Expect the best, you get the best; There is some evidence that suggests that parents who expect the best from their children tend to have children who perform better academically, socially, and emotionally. However, this does not mean that parents should have unrealistic or excessive expectations that put too much pressure on their children. Rather, parents should have positive and supportive expectations that encourage their children to reach their full potential. As godly parents celebrate even the “small wins” with your child and build their esteem will drive them to achieve more. For example your child cleans their room without you telling them, they are fulfilling your expectation for them, don’t be the parent that only looks at the dirty-socks they forgot to put away in a generally tidy room (even if it’s only 50% tidy!)

Give and you shall receive. Bible says give and you shall receive. You want a child to be a giver but do they see that giving nature in you?

Modelling (Do you as a parent live a discipline life). How do you expect your children to live a disciplined life, when they see the opposite in you. They see you lash out without control at your spouse and you now want the children to manage their “big-emotions” better! They are only modelling what they see in you.
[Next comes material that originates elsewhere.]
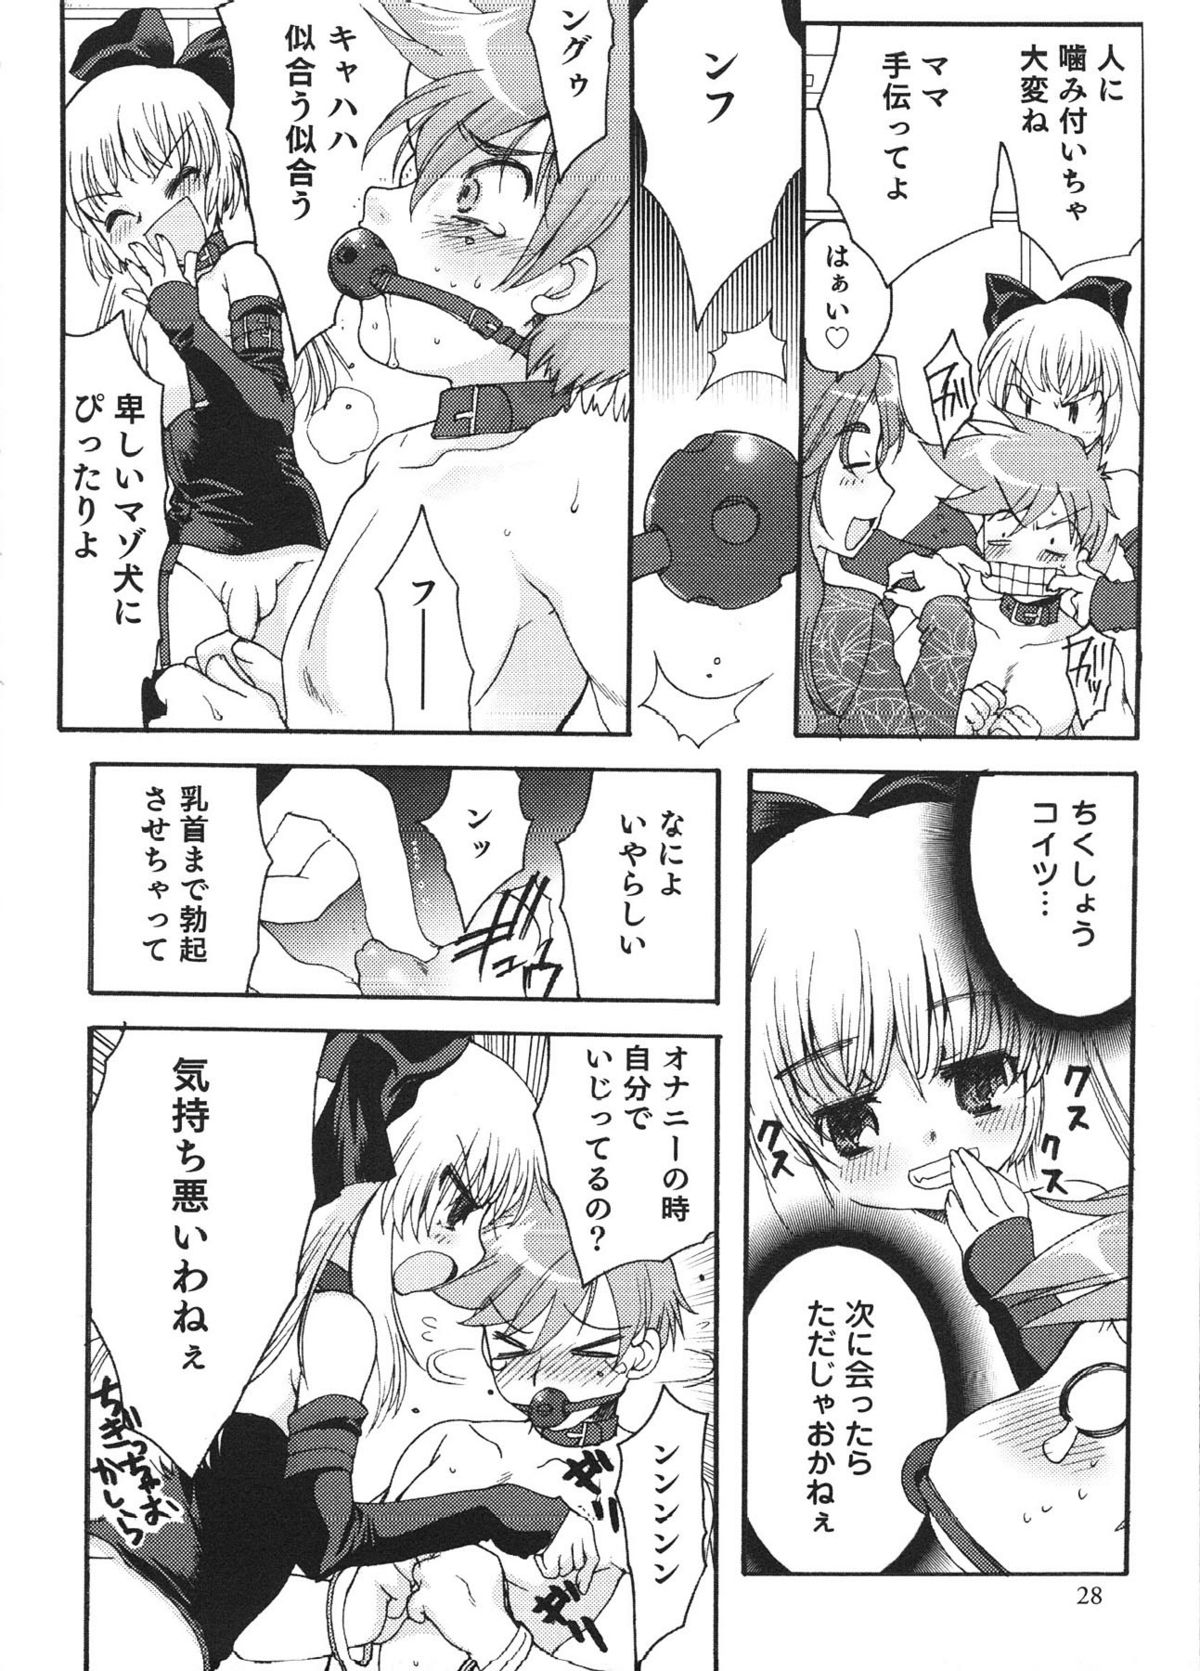 [Anthology] Ero Shota 12 - Sweet Maple Boys page 27 full

Stay the course and Know your children. If you know where you are going as a parent, your children will follow you. Bible tells us the sheep will only follow the real shepherd. Children will always follow your lead.
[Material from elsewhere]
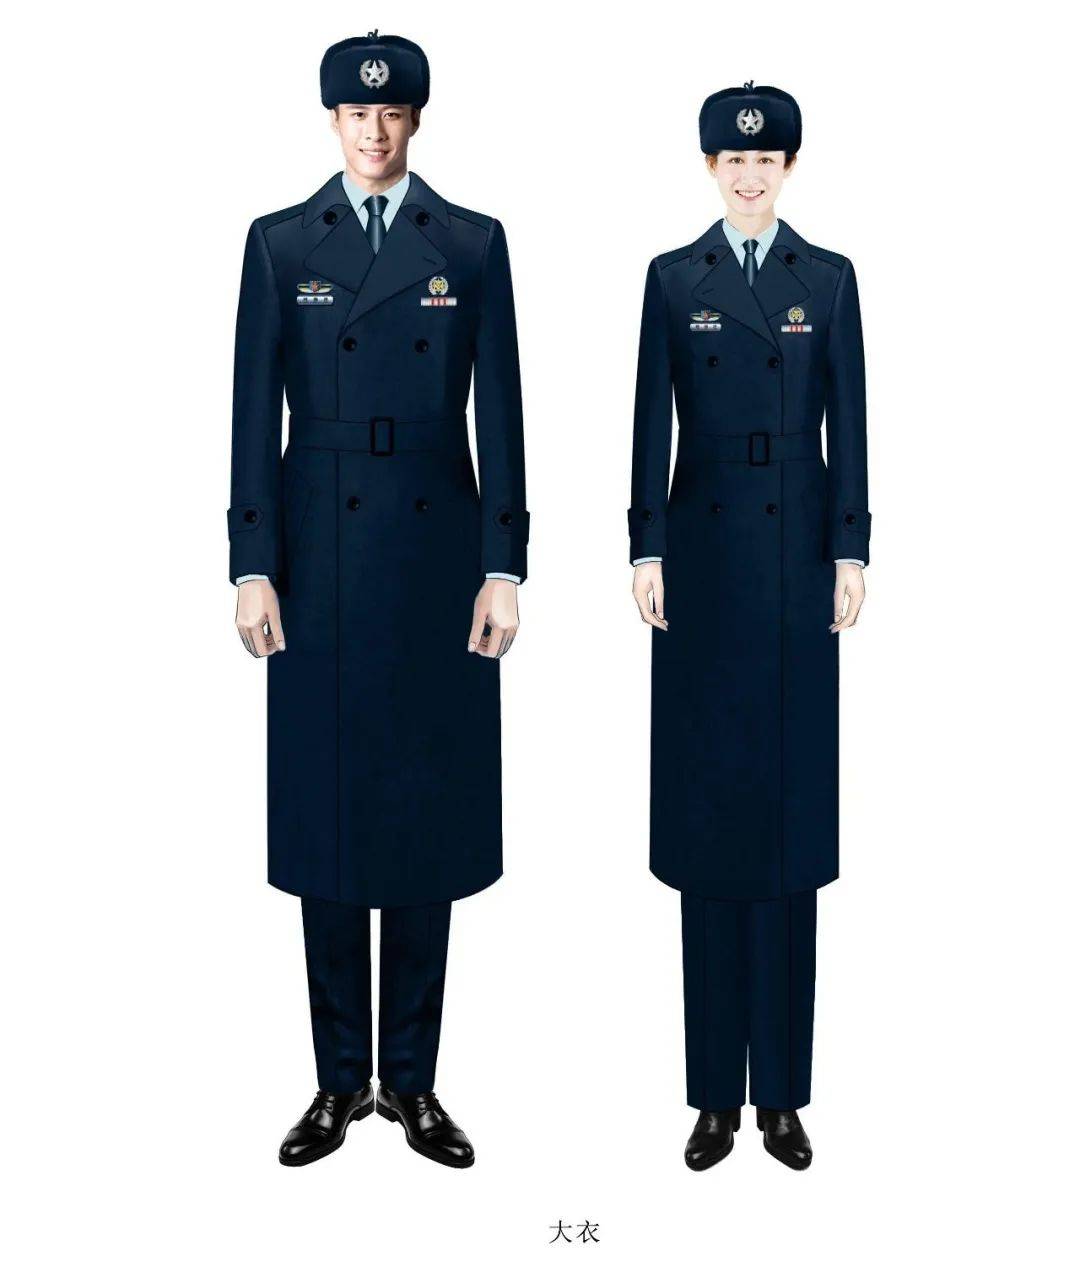 新时代军队文职人员制服和标志最炫孔雀蓝你想拥有吗

John 10:27, My sheep hear my voice, and I know them, and they follow me (BRG)

Look at the sequence; the sheep first hear the voice of Jesus. Secondly Jesus knows His sheep and the outcome is that the sheep follows Him.

If your children don’t know your voice in the home, you are never there, how will they know you and how will you know them? It is only parents that children know they are willing to follow. Also, if you don’t truly know your children, you cannot lead them or parent them effectively

In dealing with your children learn to respond rather than react. Children knows what button to press, and if all you are doing is reacting to your children’s behaviour all the time, you may be building a wedge between you and them. If you learn to respond more to what your children are telling you, you will find that as they grow older, they will turn more and more towards you (for psychological safety). But when all you do is react to everything your child does, they will eventually shut you out of their lives emotionally and you find that they spend more time on other people, social media and other distraction. You end up having a child in your house that though they live with you, you know nothing about them

Learn to listen more to your children. When they want to talk, they do want to talk. So make time for them. You may have to stop what you are doing and make time to just listen to them even its not convenient for you in order to understand the ideas, concerns & expectations of your child. Sharing feelings with your child, open things up but when you are too judgemental, it shuts things down (the connection between you and your child)
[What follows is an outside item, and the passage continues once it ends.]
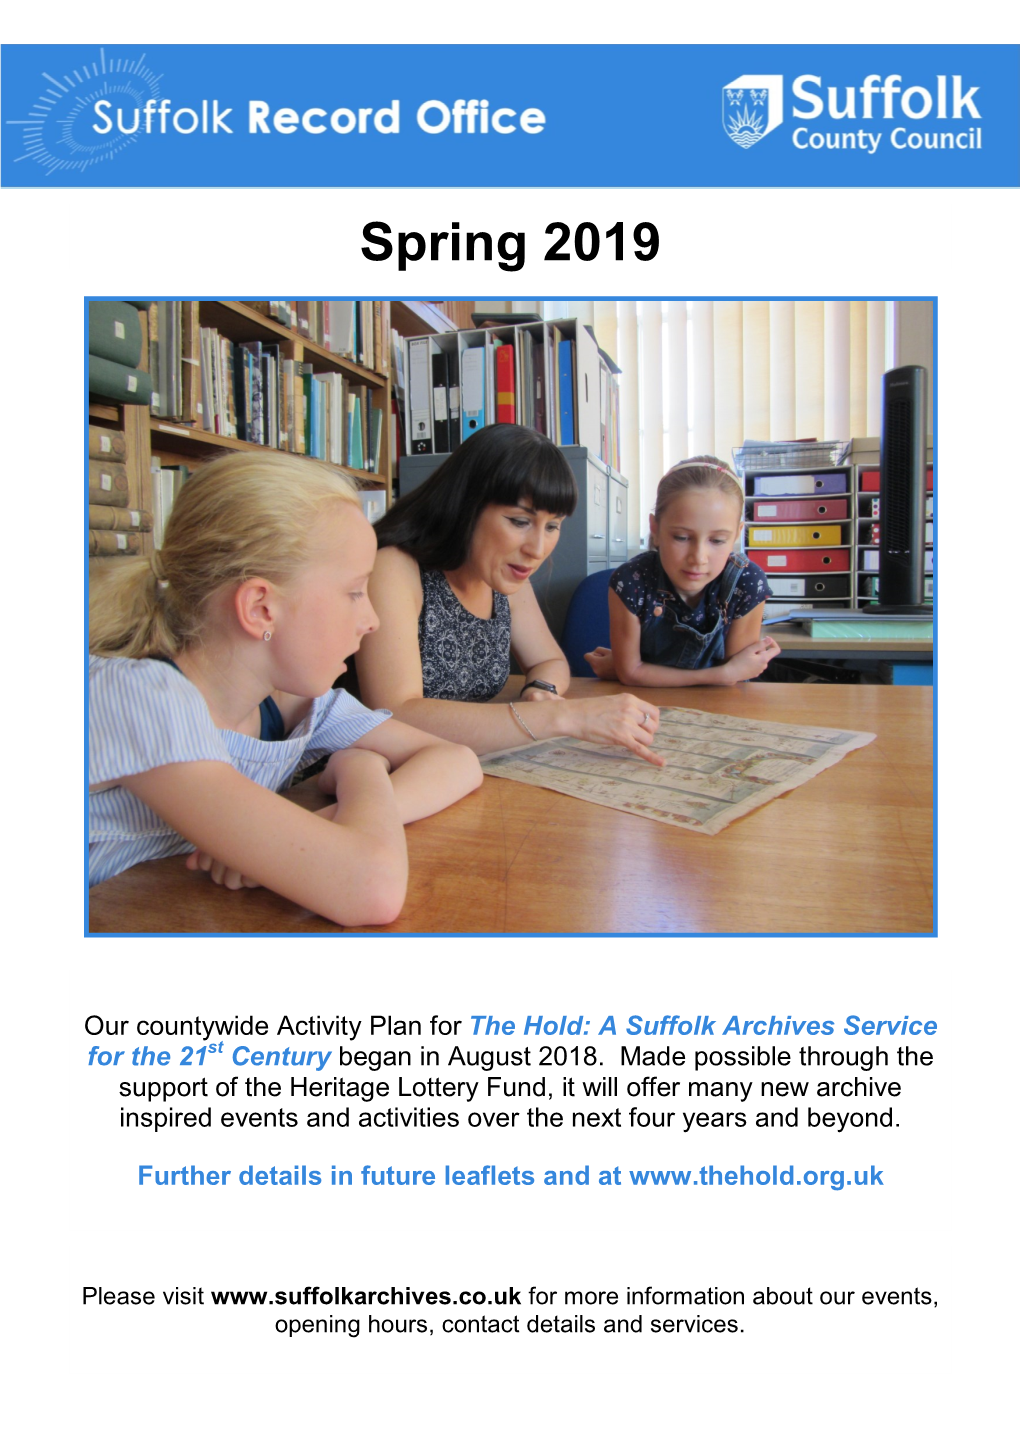 Spring 2019 Leaflet

Children are taking notes. We want our children to be honest, we want our children to be kind and not lash out when things are not going their way. These are good moral virtues to incorporate in our children but are you as a parent those things you want your child to be? Children model the way we behave and live our lives. They are taking spiritual notes on your closeness to God or the lack of it. They are taking emotional notes for example how you respond to sensitive or pressurised situations. They are taking psychological notes from you, for example your conscious and unconscious behaviours. They will model your ethical and unethical behaviour.

God bless you

Altar call for the unbeliever: For anyone reading this article who is not saved and wants to be part of the family of God, please repeat this out loud. Lord Jesus, I acknowledge that I have sinned against you. Lord Jesus forgive me of my sins. I repent of my sins. Lord Jesus come into my life and be my Lord now and forever in Jesus Name

Prayer: O Lord give me the grace to write godly notes in all aspects of my behaviour and walk with God, that my children can emulate in Jesus mighty name.